Scientists first slipped a basic T-to-C editor into cells donated by children with progeria, using a lentivirus to transport the genome editor into the cells; 90% of cells have had their DNA corrected. “We were really surprised to get such a big correction at such a pathogenic site,” Liu said. The cells began to produce healthy proteins, called lamin A, and very little toxic progerin, they reported in Nature.
The cells in the lab dishes are all good, but Liu knew he had to test the system on mice – much more than the solitary animal in Koblan’s initial experiment. Collins was so excited about the preliminary results that he invited Liu to collaborate – an offer not to be refused, since the NIH has the largest colony of progeria mice in the world.
The pandemic has slowed things down – Collins had to fire all of his lab workers from March through July, until they discovered shifts and safe practices – but soon dozens of progeria mice ages 3 and 14 days were injected with the base editor. via an adeno-associated virus near the eye or in the abdominal cavity. (Both sites connect to the circulatory system, and the scientists wanted the Basic Editor to reach as many tissue types as possible.)
After six weeks, 10% to 60% of cells from different organs, from the aorta to liver, heart, muscle and bone, had been successfully edited. But these numbers limited the improvement. Smooth muscle cells inside blood vessels “are usually a graveyard at six months,” Collins said. “Although the mice modified with the gene only had 20% of those cells corrected, it looked like a 100% correction: The uncorrected cells were dead, leaving only the healthy cells modified with the base. We have never seen anything like it ”with any other experimental progeria therapy.
CRISPR mice also looked and moved better, in addition to living a median of 510 days compared to 215 days for untreated mice. Children in Eiger BioPharmaceuticals’ recently approved clinical trial of lonafarnib lived an average of 2.5 years, or almost 20%, longer than untreated children.
Fourteen days in mice (the age at which injection of the Basal Editor gave the best results) is comparable to 5 or 6 years in a child. Although more research needs to be done before a clinical trial can be launched – on the one hand, Liu continues to make improvements to the core editor – “we would be very disappointed if this ended up as just one article. Liu said.

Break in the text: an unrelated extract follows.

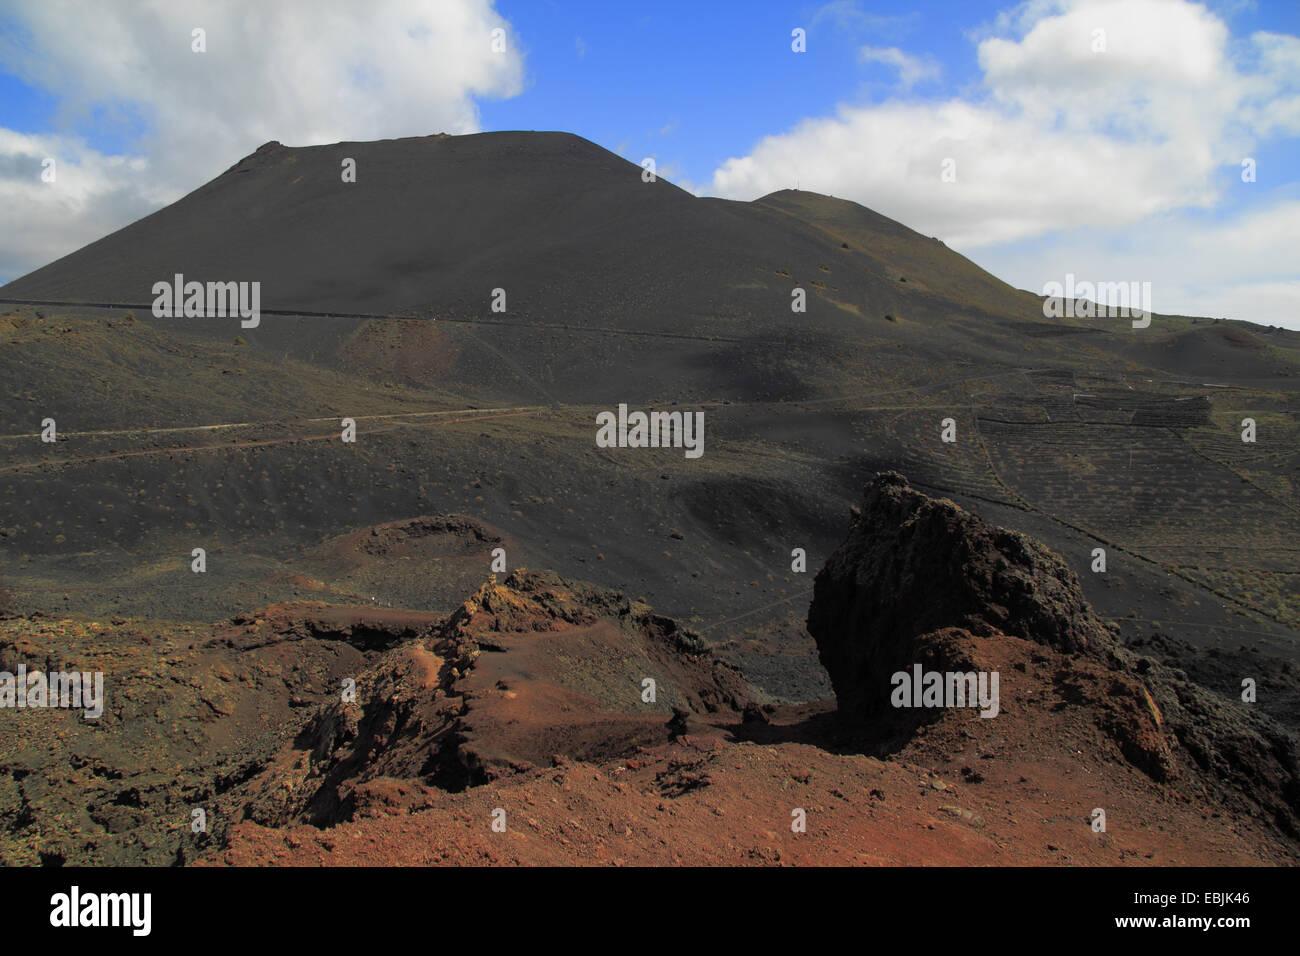 Blick vom Vulkan Teneguia am Krater des San Antonio, Kanarische Inseln, La Palma, Vulkan de San Antonio Stockbild
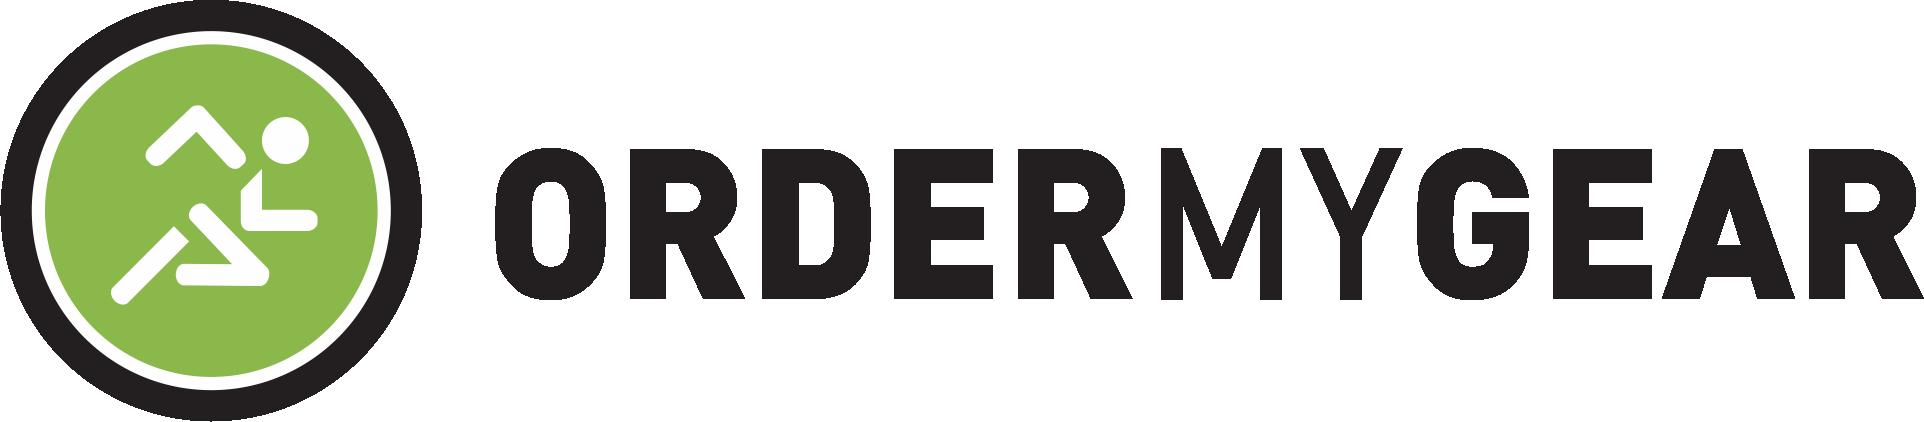 OrderMyGear's logo

He is a co-founder of core publishing company Beam Therapeutics, which said in a statement that it “is actively working with research teams and with the Progeria Research Foundation to explore options for advancing technology in the field. basic edition for children living with progeria. . “
Collins is hoping that the usual decades between healing mice and healing people might not apply here. “Progeria is such a heartbreaking disease that it prompts a lot of people to work on it,” he said. And the record pace of Covid-19 vaccine development has made researchers around the world wonder why clinical cure trials can’t go faster: “We’ll see if we can jump over some hurdles,” a- he declared.